Figure 3: Web Page Example and HTML Code with Several Types of Structures

Figure 3 shows an example of a simple web page (and its related HMTL code) that stores three different structures: a simple unordered list, a table, and a nested structure which combines lists and tables recursively. For instance, if we wish to extract only the second simple table and the ordered list stored in the third structure (that is nested inside into a table, and inside into a list) from the web page, it will only be necessary to define the rules (HTML and DataOutput) shown in Figure 4. The attributes shown in these rules are used by the parser to:

HTML-Rule (a) describes that the structure to extract is a table , and that it is the second ( position = 2 ) structure stored in the page. DataOutput-Rule (a) shows that the data is in the second cell of the table, and that the < td > tag is used as begin-end pattern. The names of the attributes are provided in that order to the parser. So, if the distribution of the attributes in the table is h orizontal/ v ertical ( distrib=hv ), we will first indicate the name of the attributes in the rows ({att1,1+att1,2+att1,3}) and then name the attributes in the columns ({att2,1+att3,1}). The data type to retrieve will be String values and, finally, the WebParser will generate a table ( data struc= tablehv ) to store the retrieved data.
HTML-Rule (b) describes that the structure to extract is a list which is stored inside the third structure ( position=3 ). DataOutput-Rule (b) shows that the data is stored in the second cell of the table, which is stored in third position in the list ( data Level=3.3.2 ), and that it possibly uses the < li > tag as the begin-end pattern. There are no names associated with the data to retrieve ( attrib={null} ), and no distribution of them is necessary.
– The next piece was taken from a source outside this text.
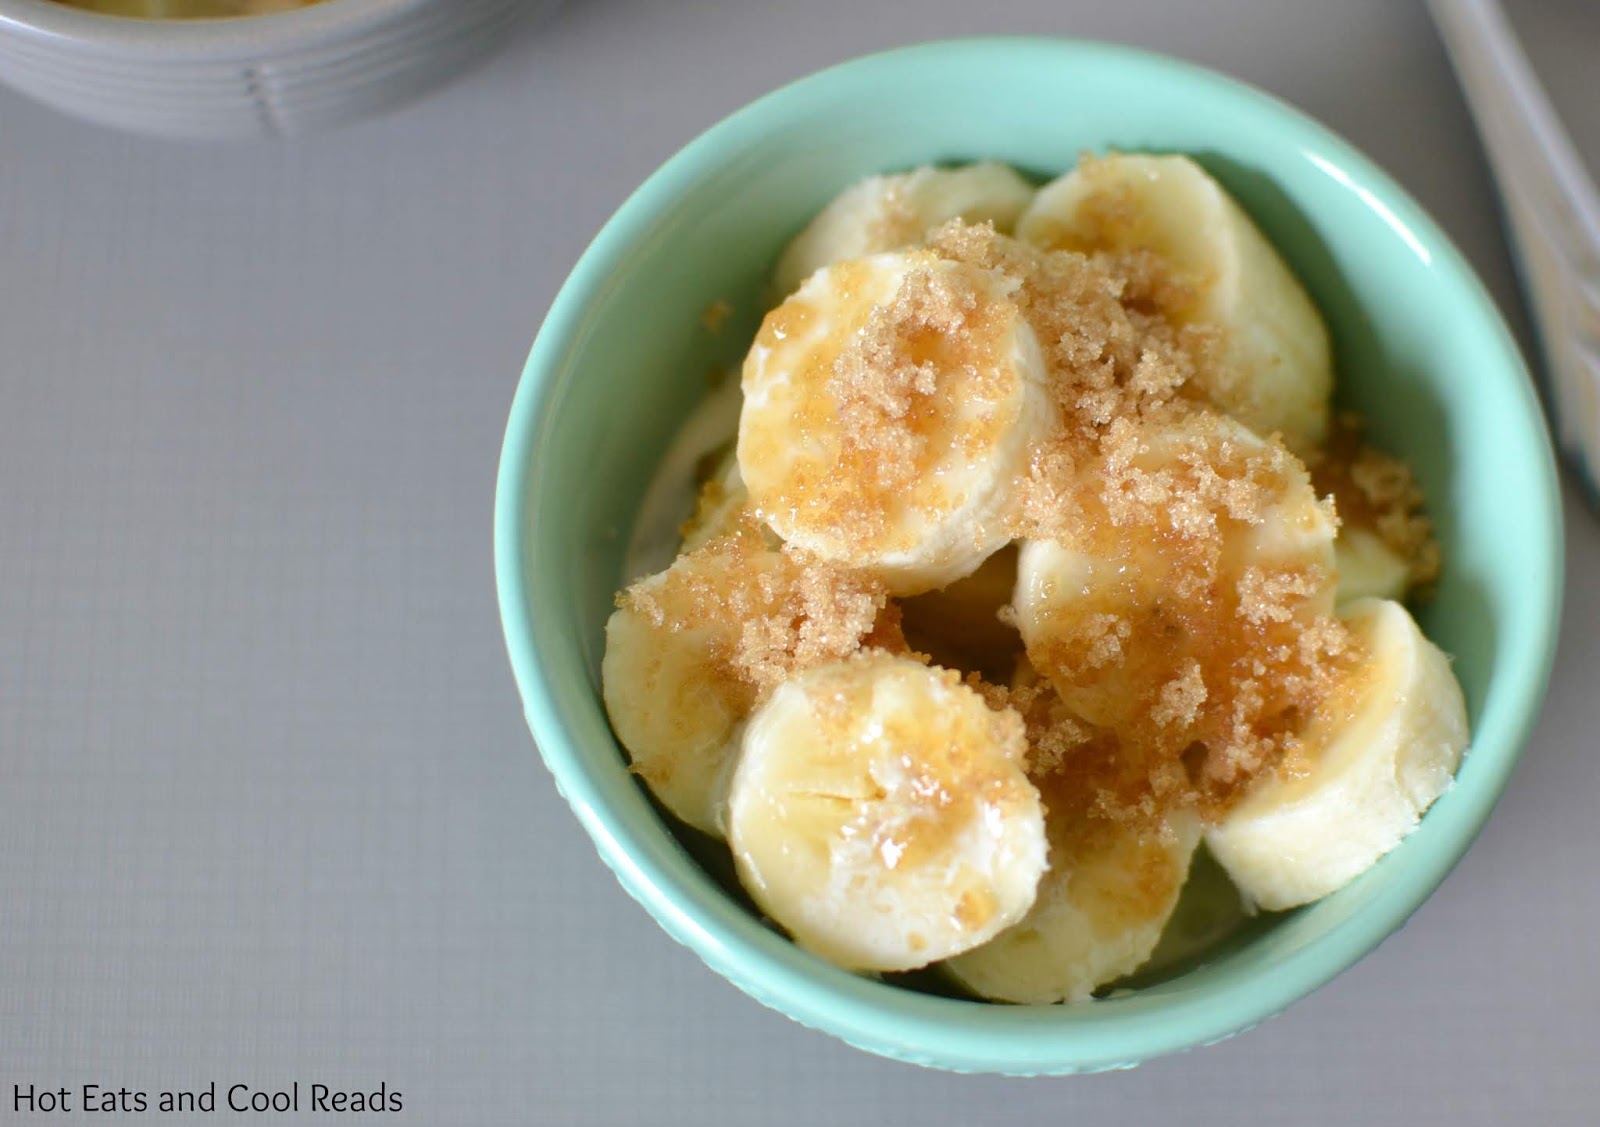 Brown Sugar Bananas and Cream Recipe from Hot Eats and Cool Reads! This sweet treat is ready in minutes and is great for breakfast or as a dessert!

The data type to retrieve will be integer values and, finally, the WebParser will generate a vector ( data struc=sortlist ) to store the retrieved data.

Rule (a): table

Rule (b): list

 - HTML rule:      type= table      position= 2 - DataOutput rule:      data Level= 2      begin-mark= <td>      end-mark= </td>      attrib= {att1,1+att2,1+att2,1}              {att2,1+att3,1}      distrib= hv      data type= (str)      data struc= tablehv

 - HTML rule:      type= list      position= 3 - DataOutput rule:      data Level= 3.3.2      begin-mark= <li>      end-mark= </li>      attib = {null}      distrib = (null)      data type = (int)      data struc = sortlist

Figure 4: HTML and DataOutput-Rules to Extract the Information Stored in the Selected Structures

Actually, the output of the WebParser is a Java object (vector or tables), so this output will be modified by the agent as needed.